Exercise requirements.
With pictures omitted, copy exactly every line from the one that contains "3'2'' x 4'10''." to the end of the listing below.

Data provided.
__________________________________________________

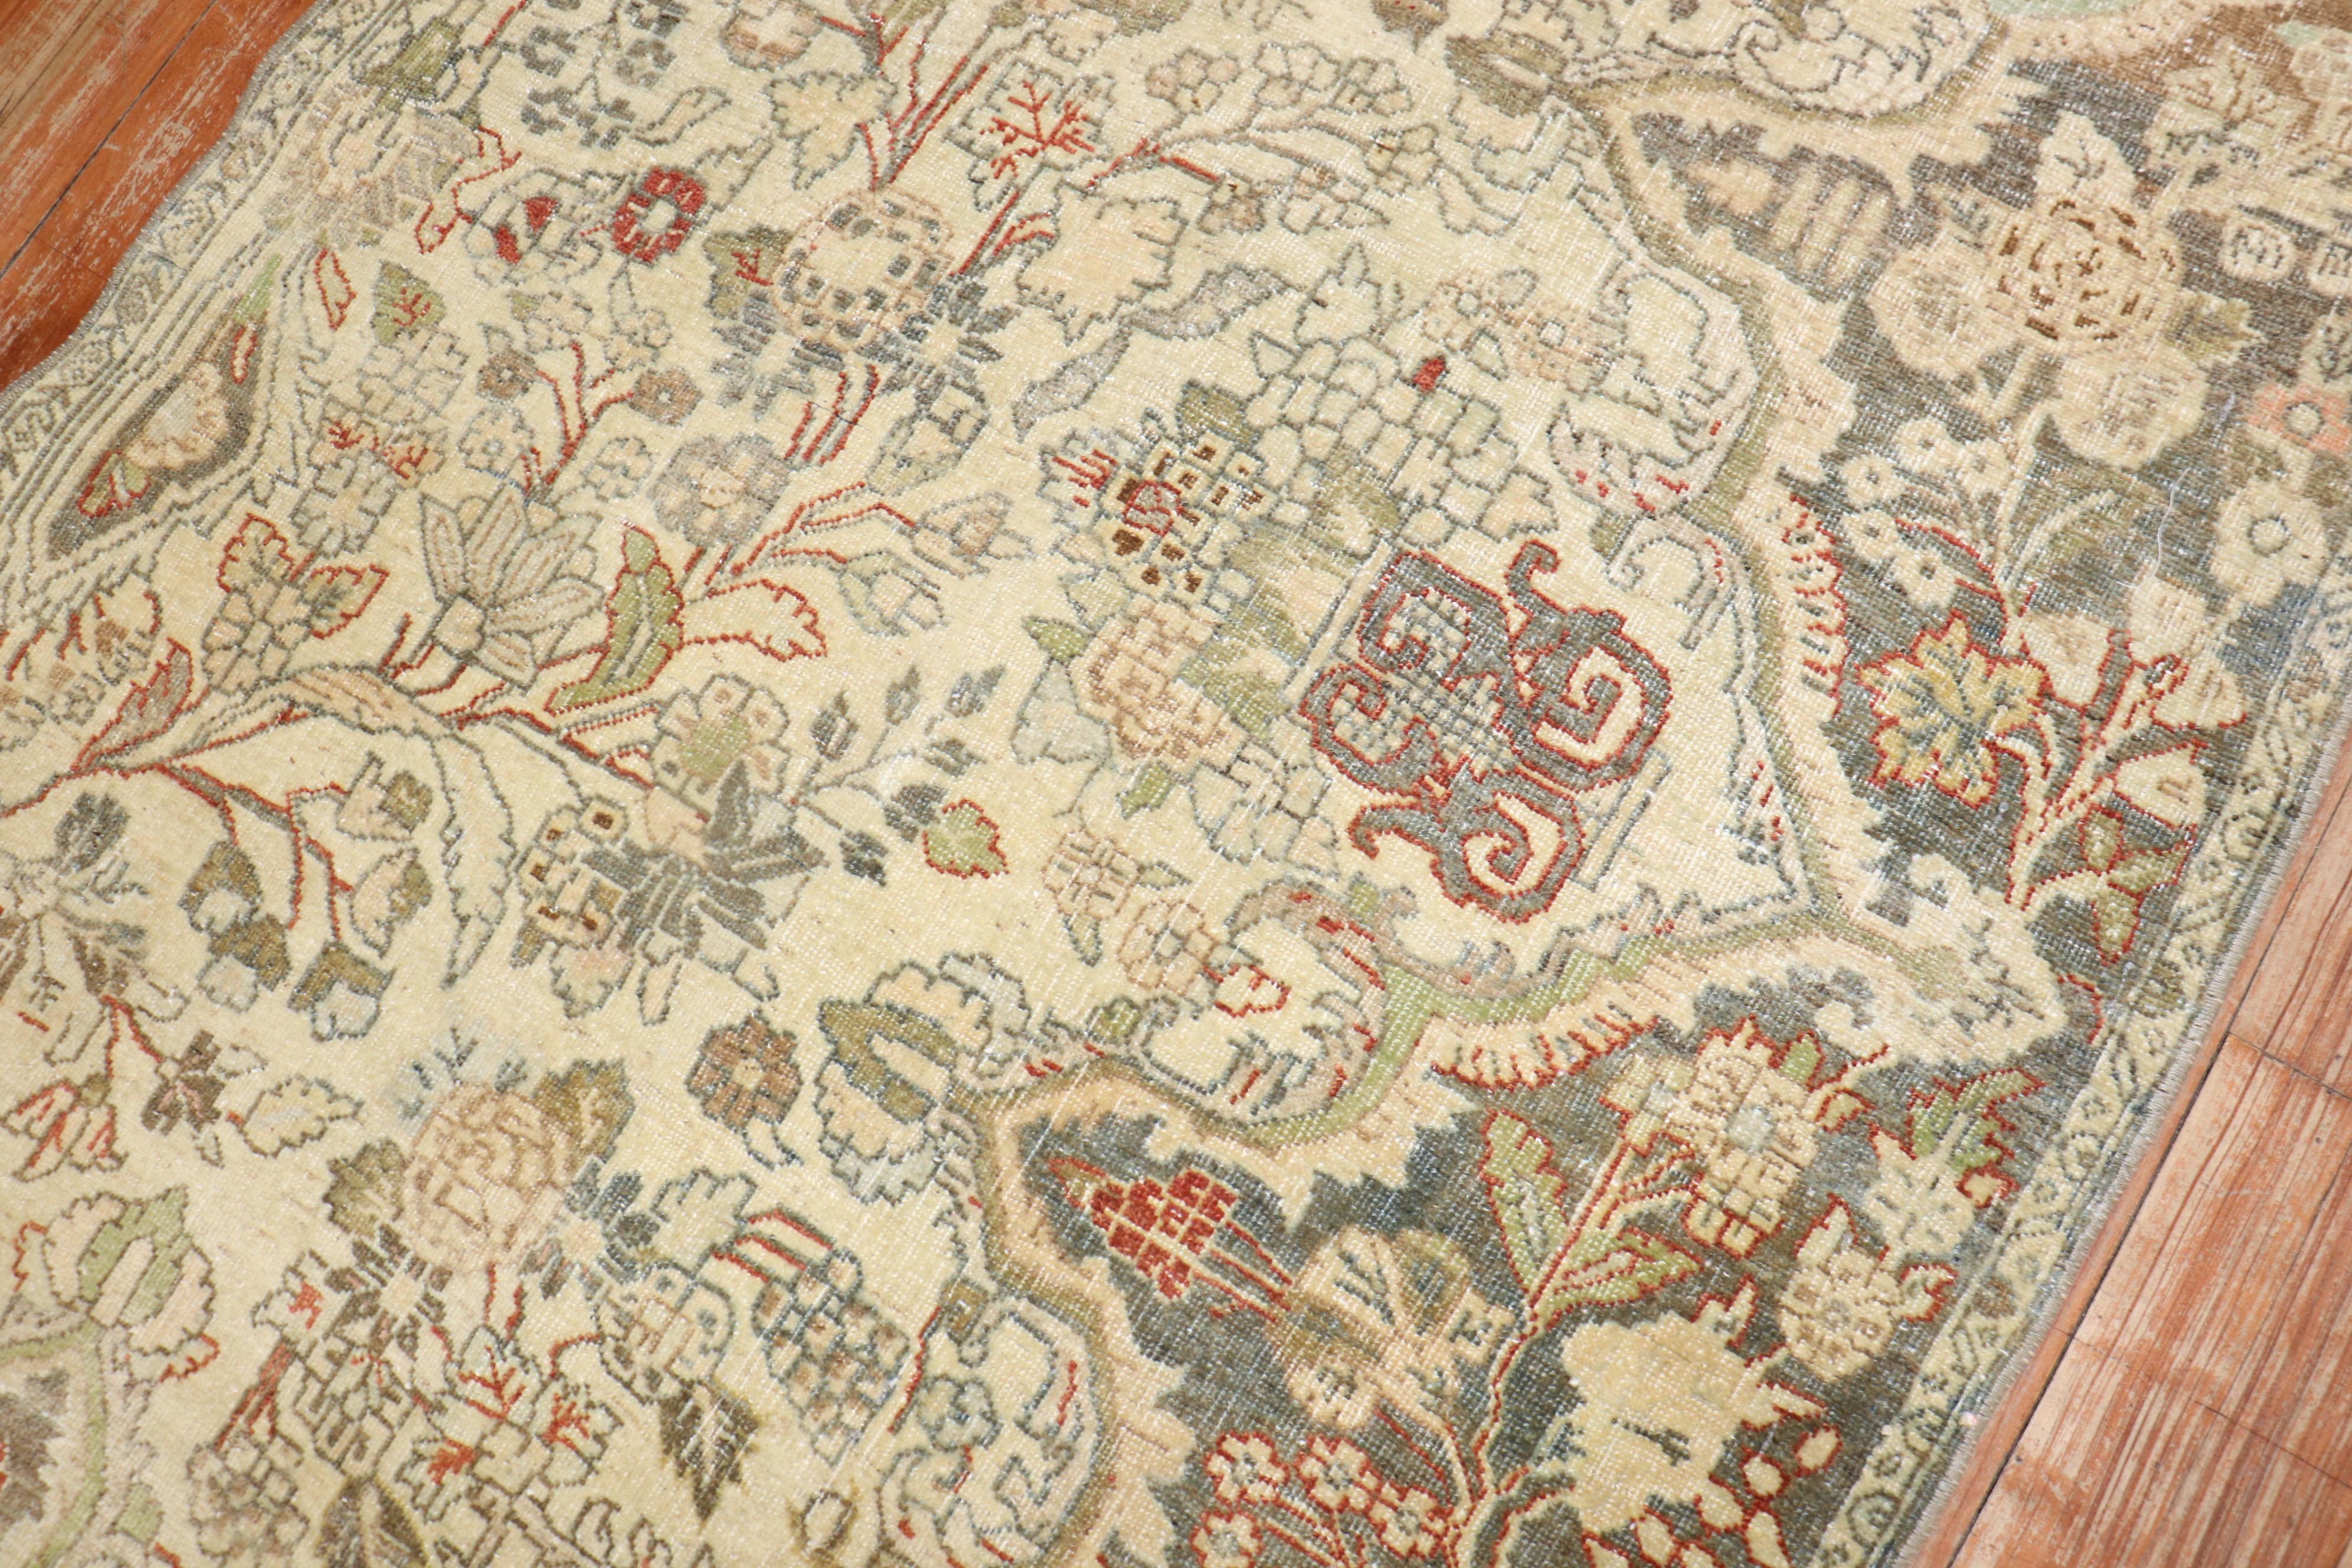 A sampler rug from an antique Persian Isfahan rug from the 1st quarter of the 20th Century

3'2'' x 4'10''.
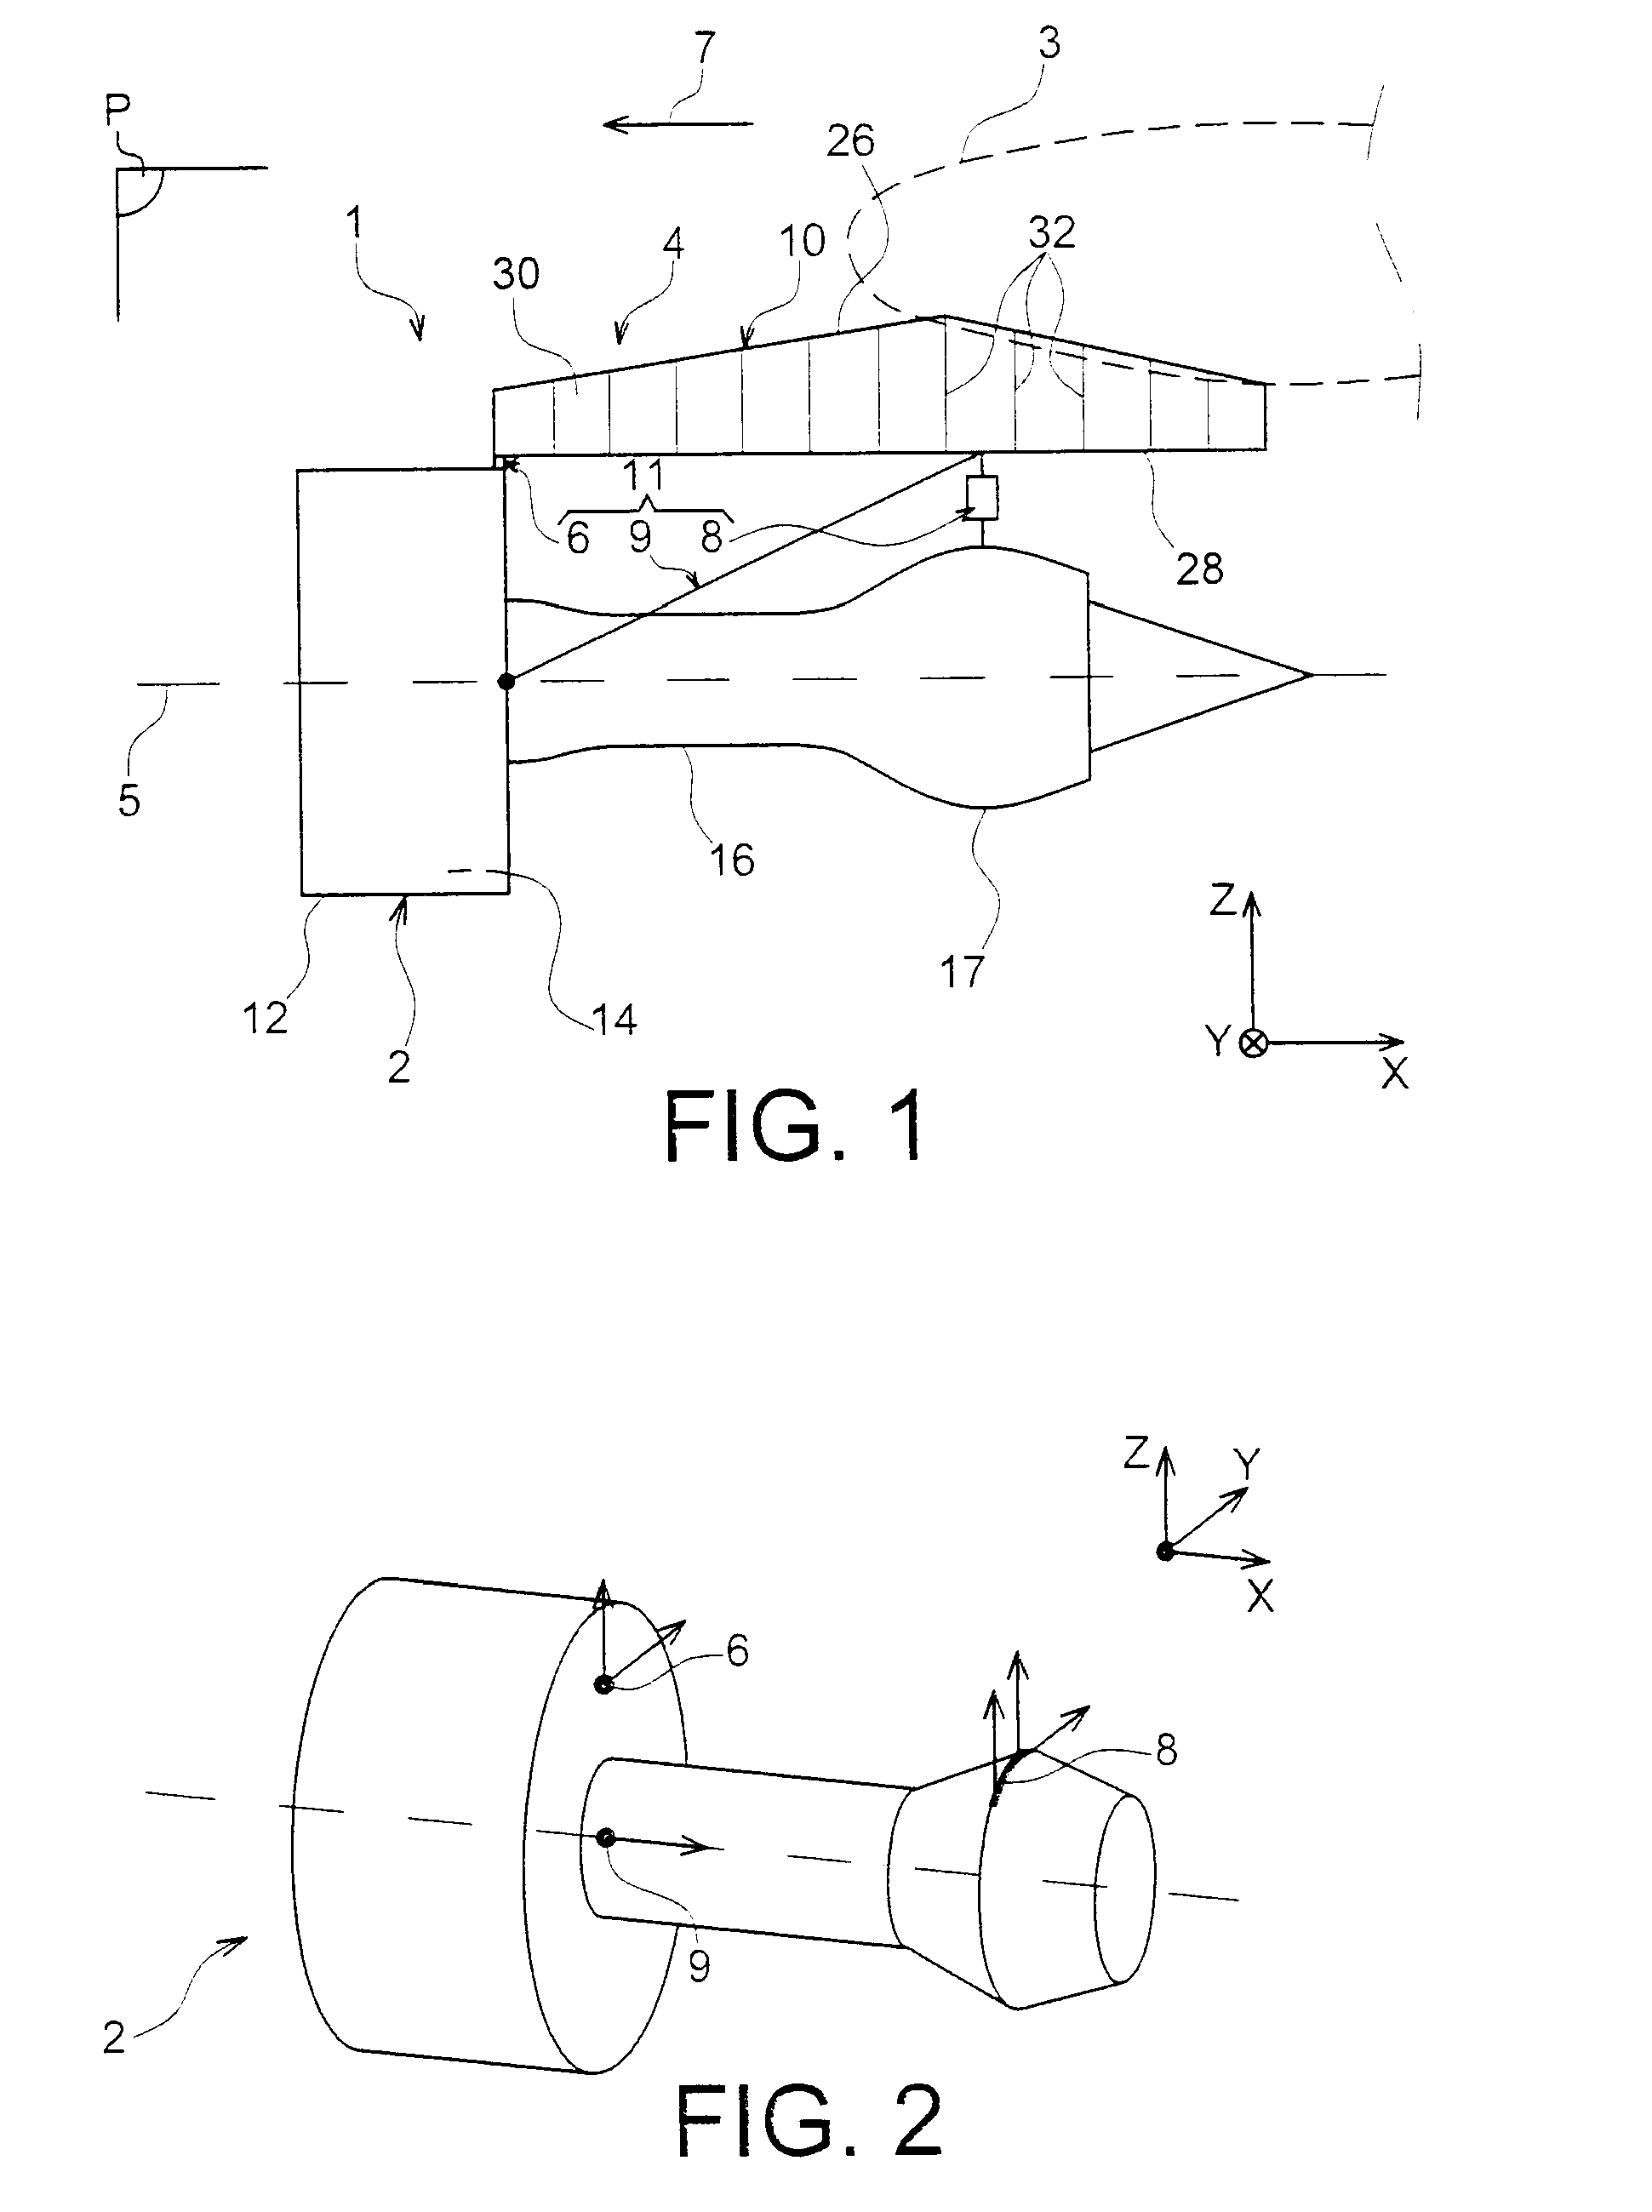 Attachment pylon for aircraft having a rear engine attachment beam offset from the caisson
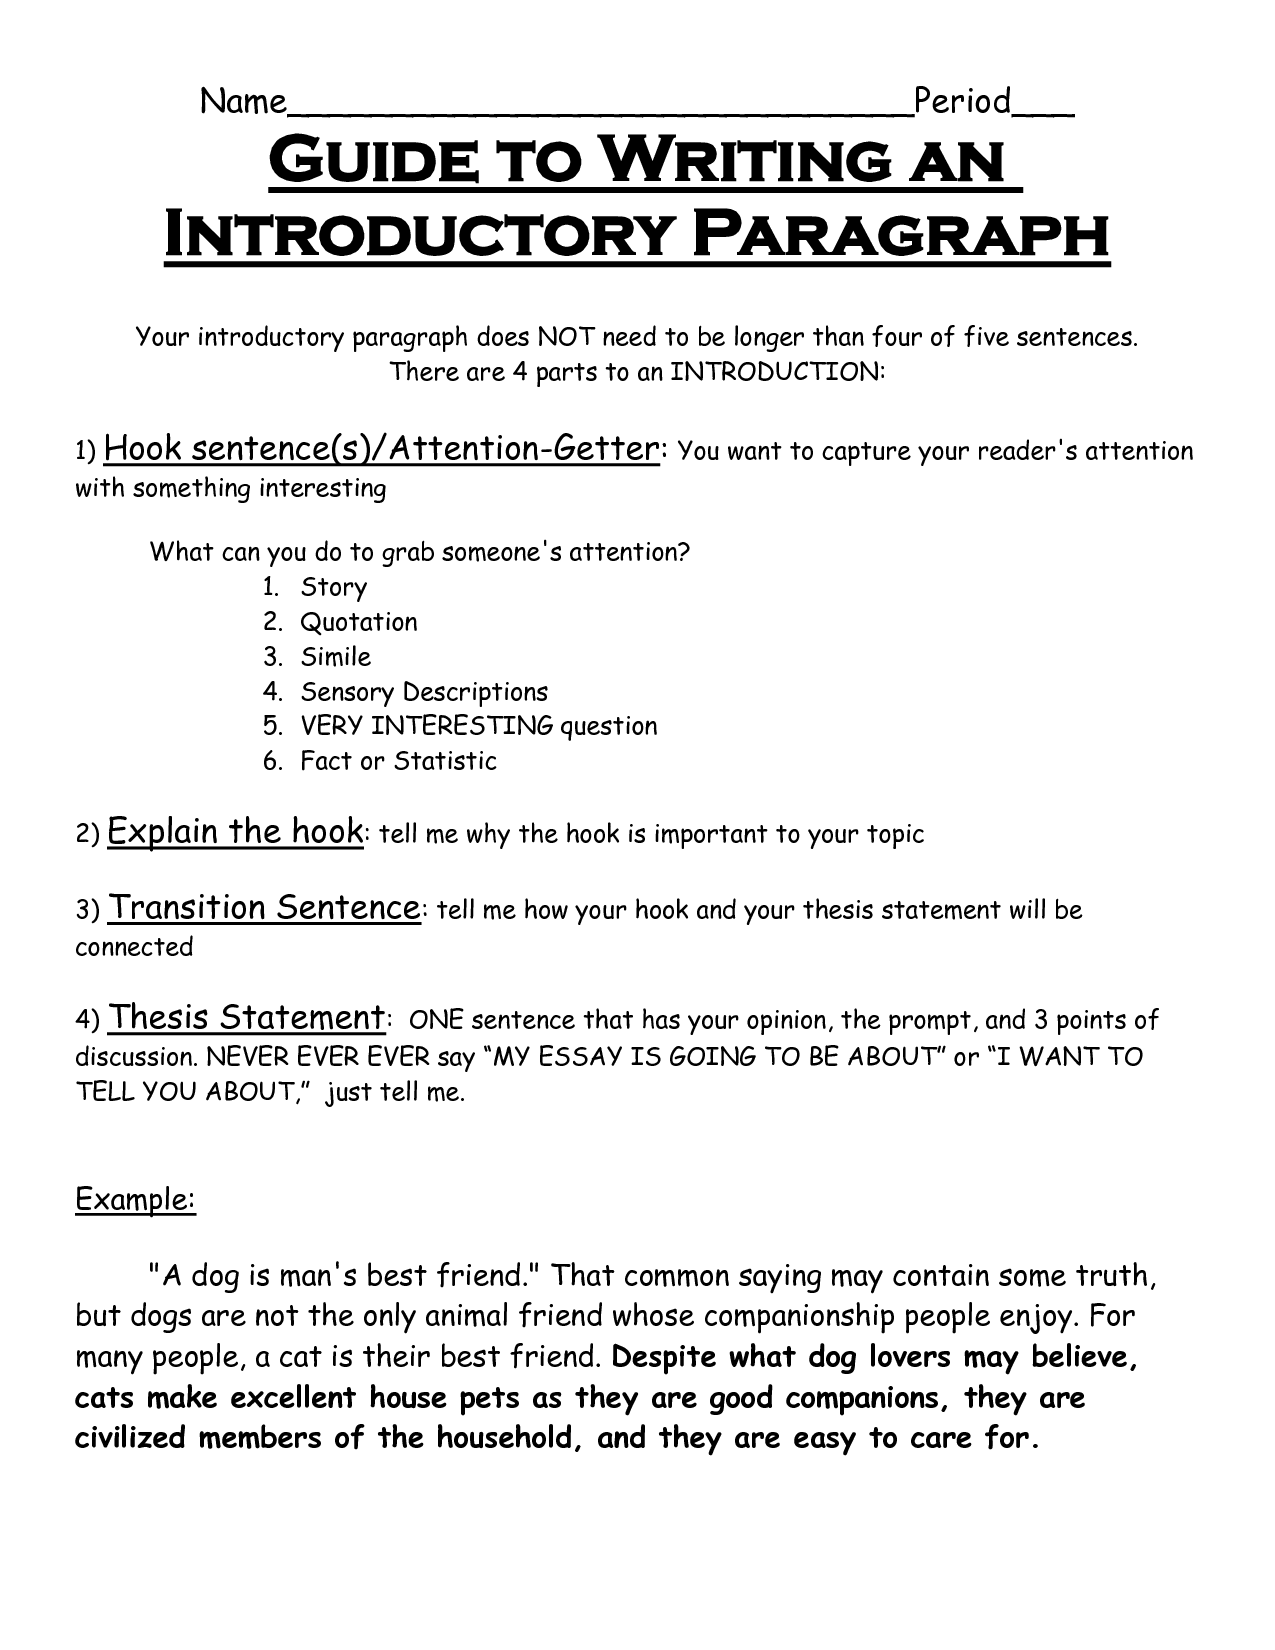 Introductory paragraph essay

__________________________________________________

Solution.
3'2'' x 4'10''.
 Attachment pylon for aircraft having a rear engine attachment beam offset from the caisson
 Introductory paragraph essay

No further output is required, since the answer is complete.